Claudio Colaiacomo (Vice President – Public Affairs & Academic Relations – Elsevier BV) and Joris van Rossum (Programme Director, STM Solutions) explained that in scholarly publishing, a suite of applications and services are already available to publishers for different purposes e.g., to assist the authoring process, to summarise topics, to support research discovery, to screen manuscripts, recommend reviewers. Potential is seen especially in addressing research integrity issues – which, at the same time, risk being exacerbated by the very same technology.
In education, as illustrated by Anna Helminen – Head of Data & Research, Sanoma Learning, different levels and combinations of blended learning are being selected depending on the uses. AI is used internally to analyse usage and improve products and efficiency, for editing and versioning of existing content, to adapt learning content to students’ performance, needs and preferences, support teachers in managing their materials and personalising the ways of teaching.

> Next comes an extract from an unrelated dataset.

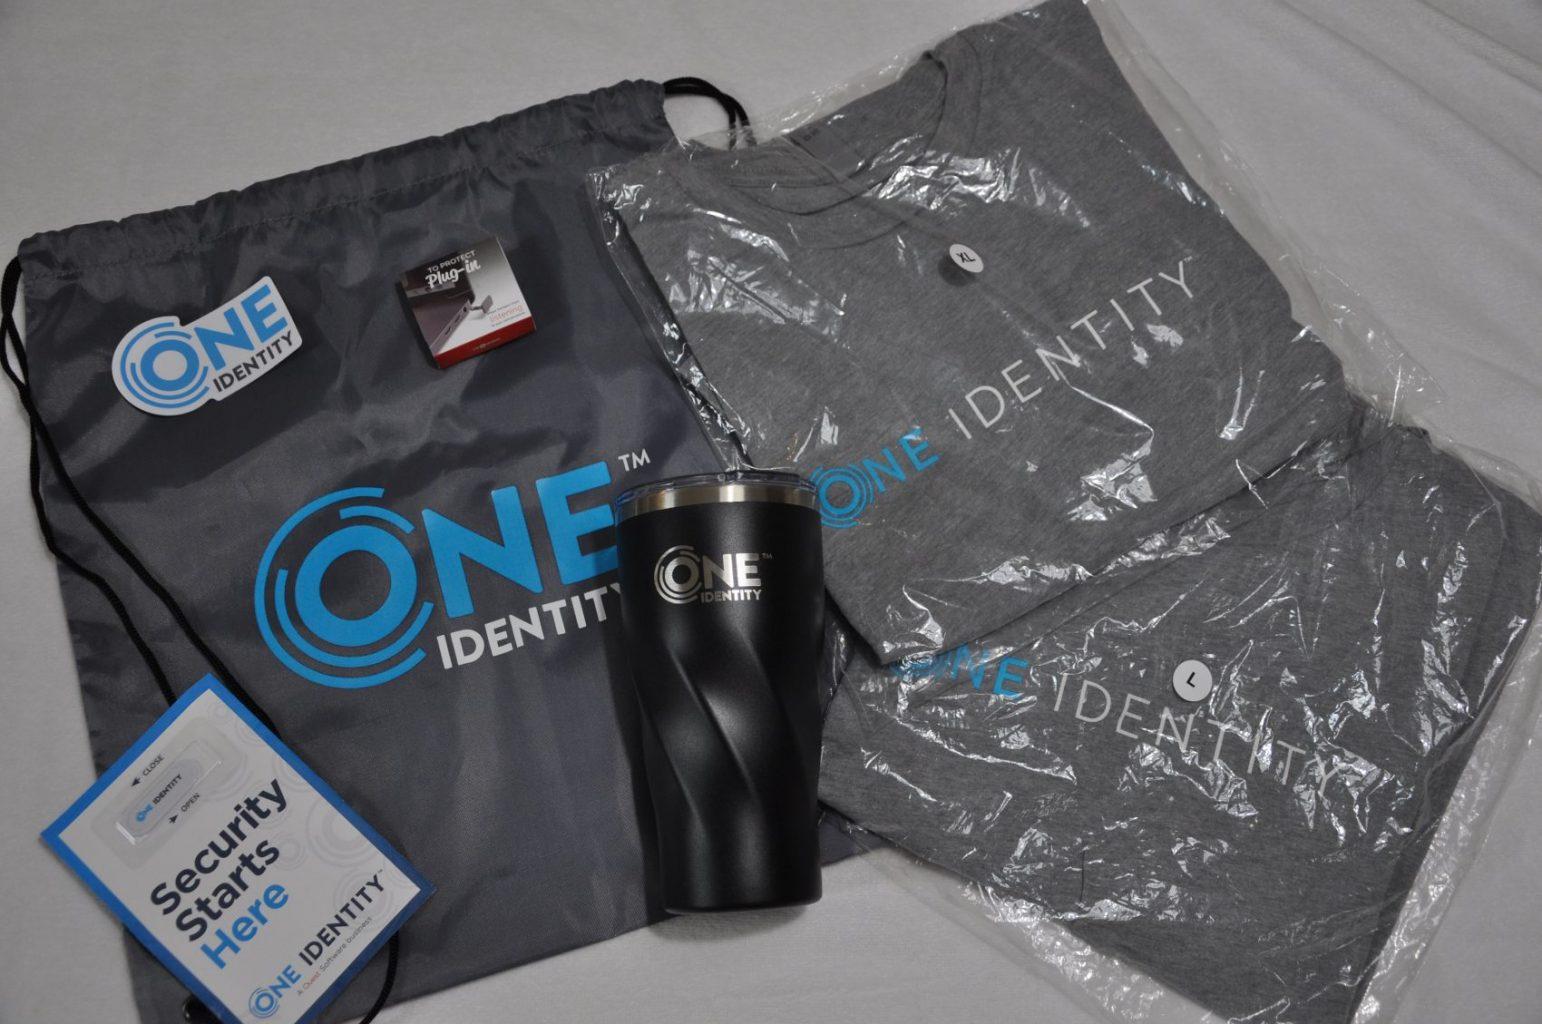 One Identity Gift Packs

Chantal Restivo-Alessi (Chief Digital Officer and CEO International Foreign Language for HarperCollins Publishers) explained that in trade, marketing is one of the key use cases, with AI aiding in campaigns on social media, formatting and layout, newsletters, and summaries of content
Overall, it emerged that many publishers and authors across all sectors are currently experimenting, with multi-modality, the increasing availability of models and their potential customisation making such experimentation more approachable for many. The key to success is to start from an analysis of the objectives and define a framework to ensure a safe and sound transition; operating through pilots, especially at the beginning; agreeing on principles, checklists (including to ensure compliance with legislations) and an evaluation/feedback process; ensuring training is available to bring all the staff along; and always keeping a human in the loop.

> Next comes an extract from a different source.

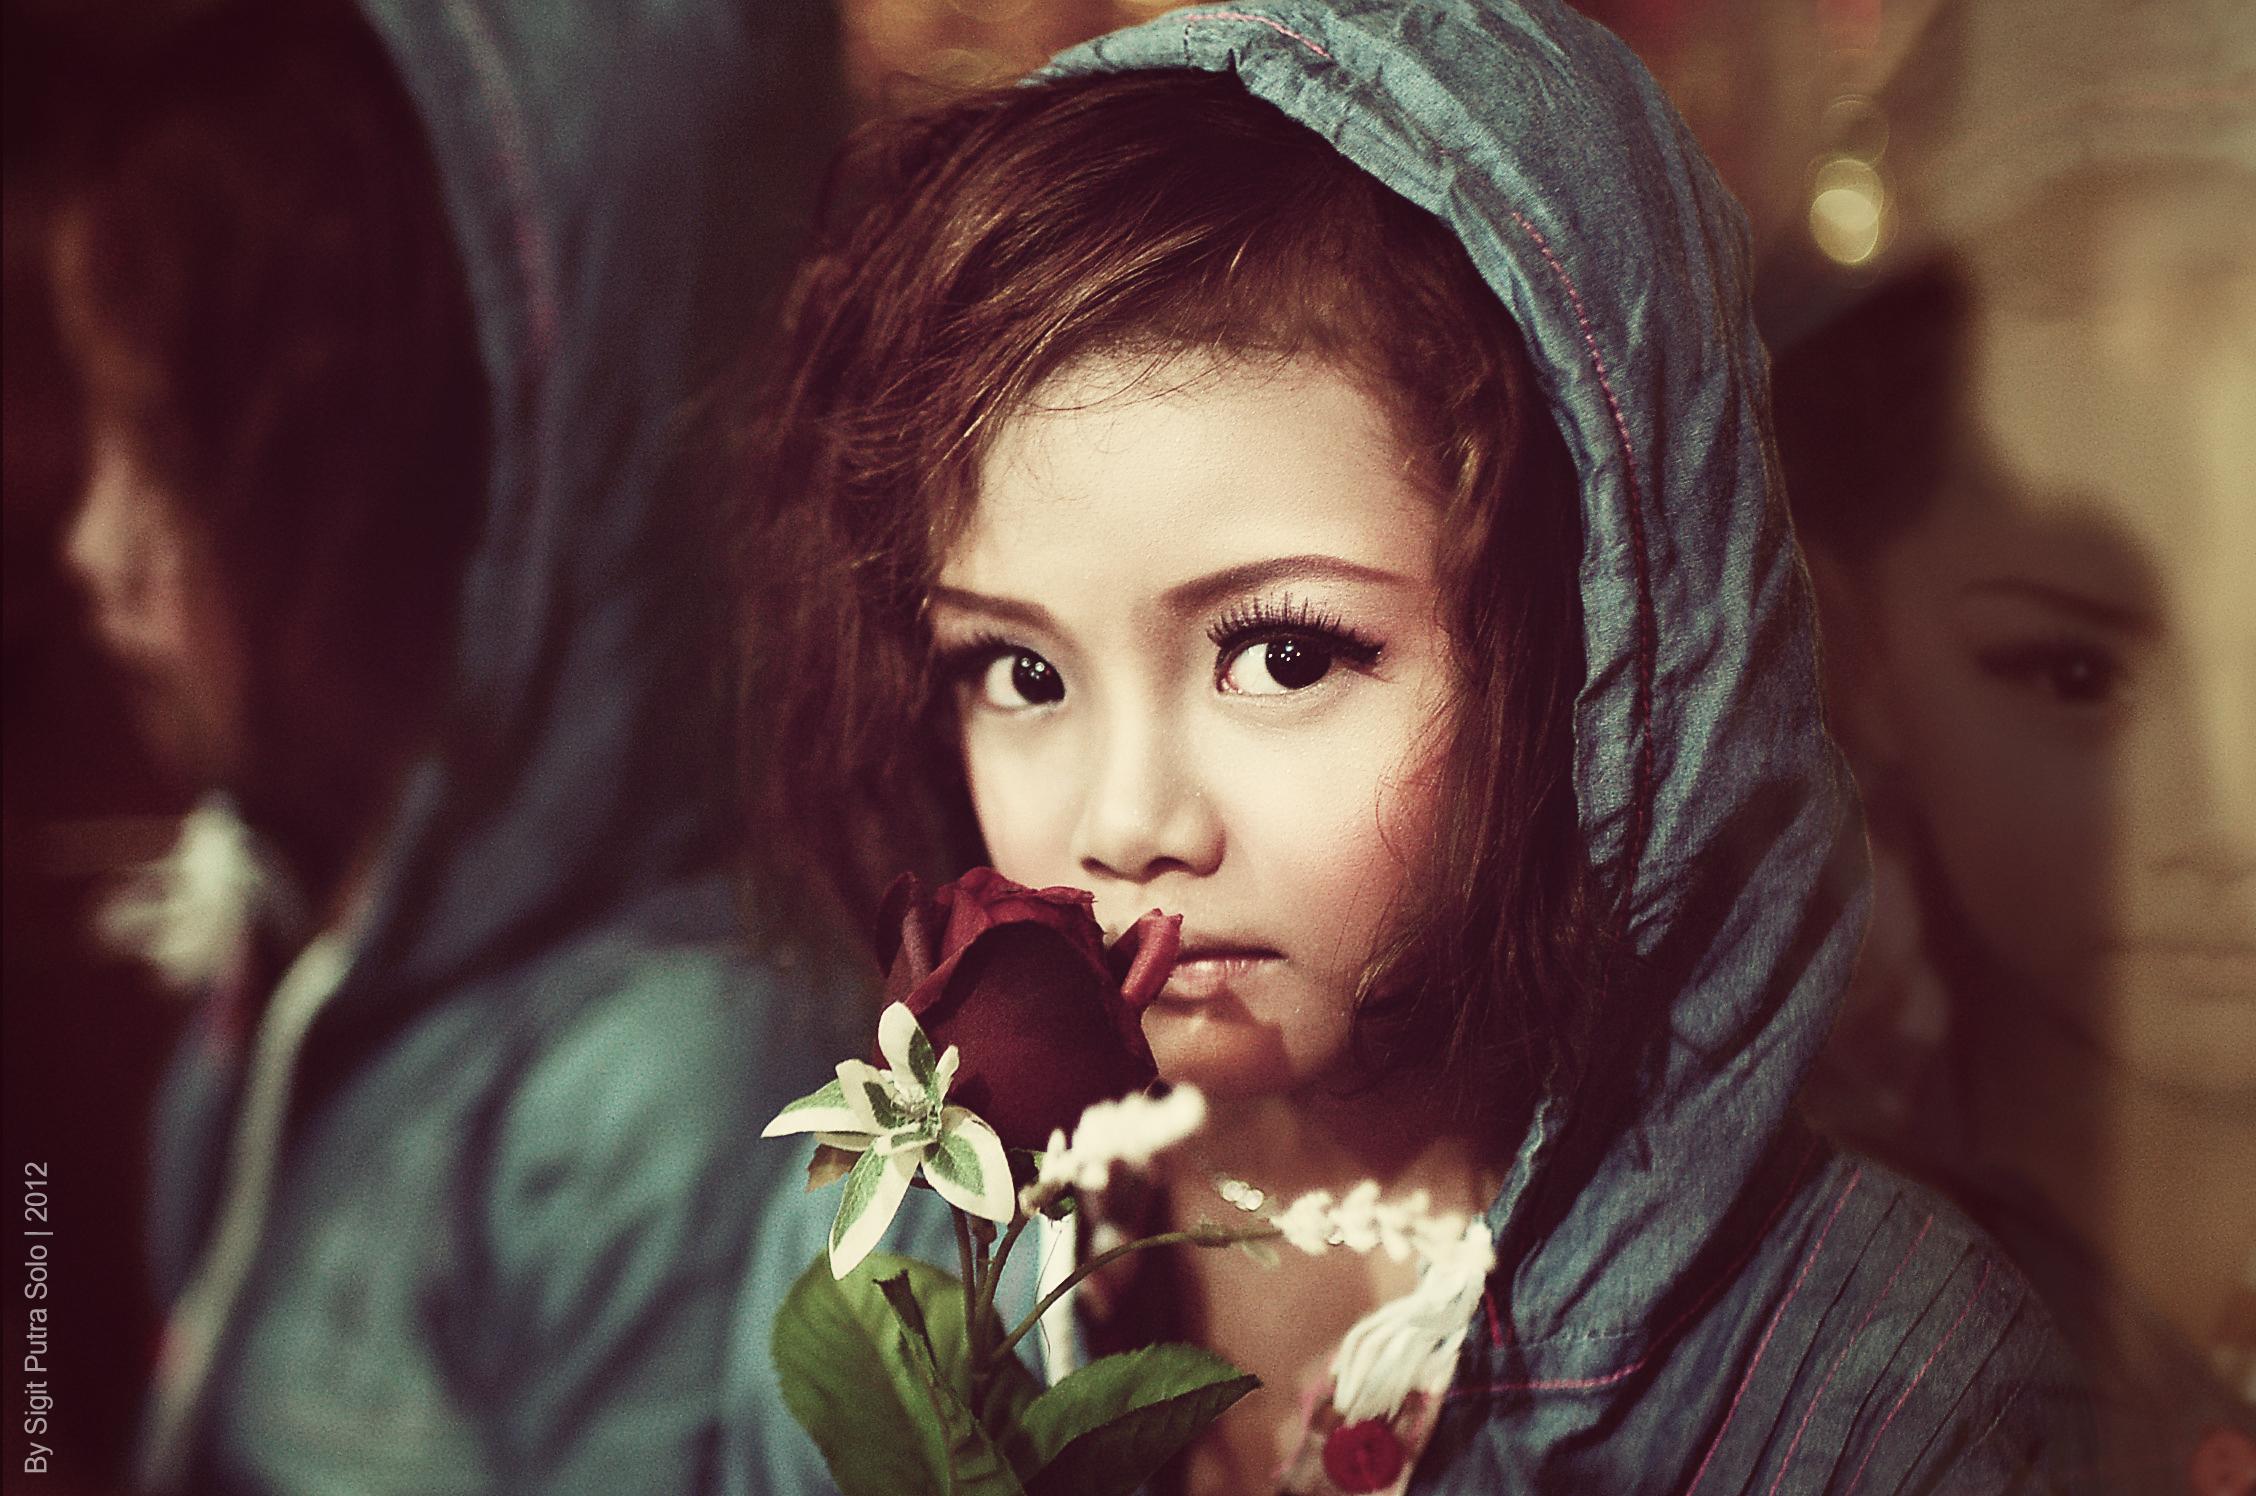 sweet child o mine by SigitPutraSolo

Safeguards are considered a necessity to protect privacy, confidentiality and intellectual property and guarantee the security of environments and contents; as an example, many publishers have recommended that final responsibility for the submitted content should stay with author, that GenAI tools shouldn’t be credited as authors and that original works shouldn’t be uploaded to publicly available GenAI tools.
At the core of what publishers provide and reason why caution is necessary, quality, veracity and trustworthiness of information are at clear risk of being undermined. This emerged distinctly as the main threat deriving from the indiscriminate use of technology, together with the embedding and amplification of potential bias and the adverse environmental impacts.